_What you should do_.
Within the listing below, please copy exactly the lines between the line holding "ليونور أميرة أسبانيا" and the line holding "Böhmen Und Mähren", inclusive.
BEGIN Data to process
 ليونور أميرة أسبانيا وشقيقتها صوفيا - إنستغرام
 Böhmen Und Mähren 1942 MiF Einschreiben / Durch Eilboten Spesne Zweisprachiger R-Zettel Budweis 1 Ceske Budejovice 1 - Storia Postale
END Data to process
BEGIN Data to process
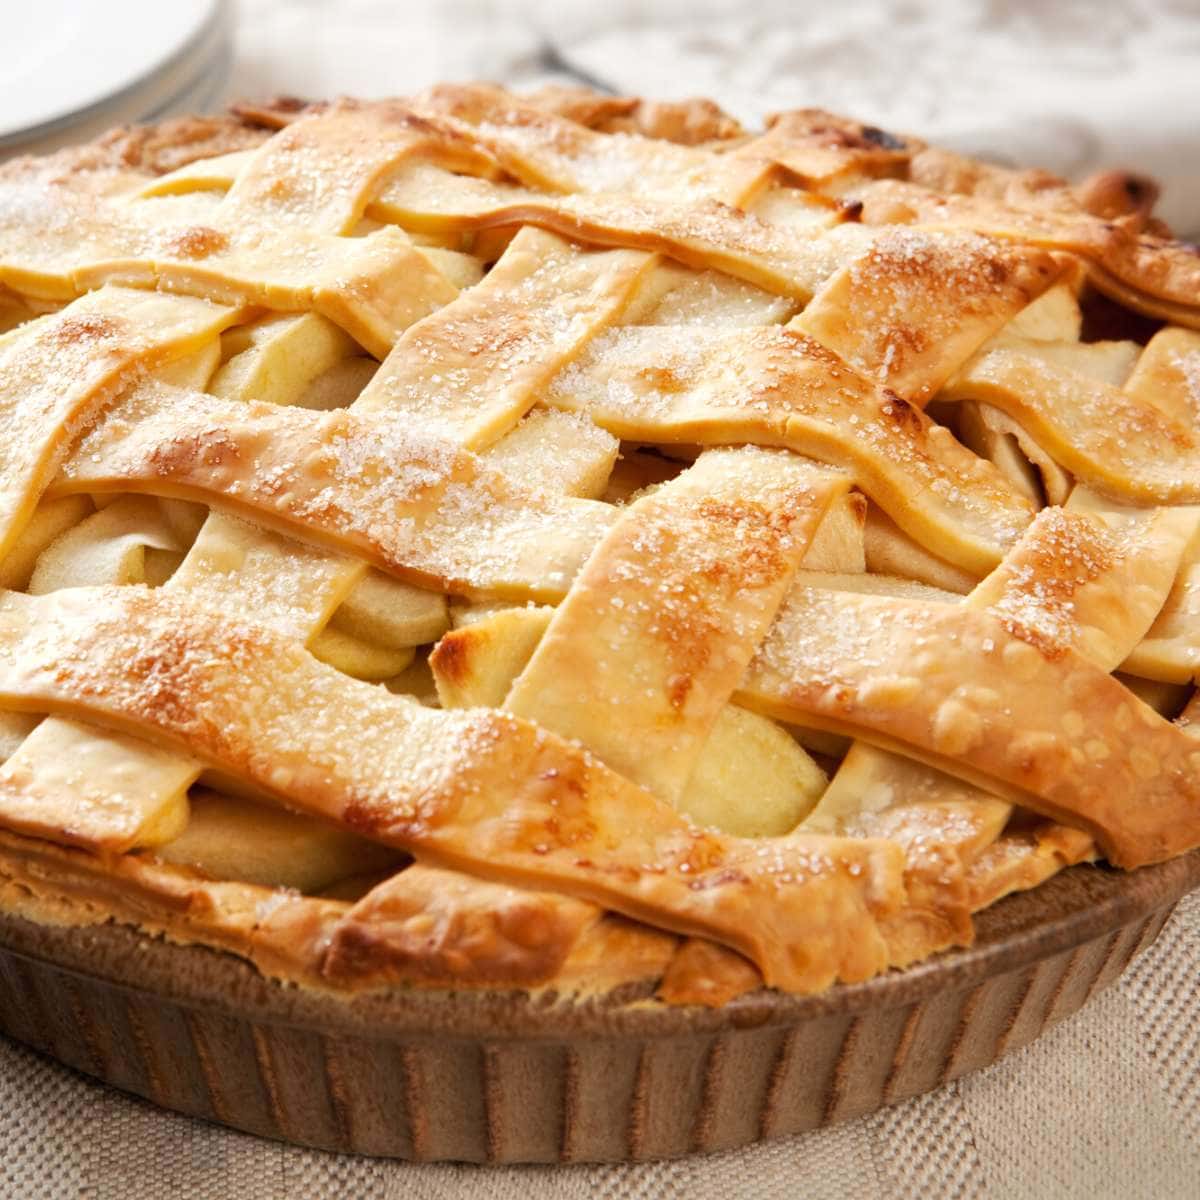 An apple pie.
END Data to process
_Your solution_.
 ليونور أميرة أسبانيا وشقيقتها صوفيا - إنستغرام
 Böhmen Und Mähren 1942 MiF Einschreiben / Durch Eilboten Spesne Zweisprachiger R-Zettel Budweis 1 Ceske Budejovice 1 - Storia Postale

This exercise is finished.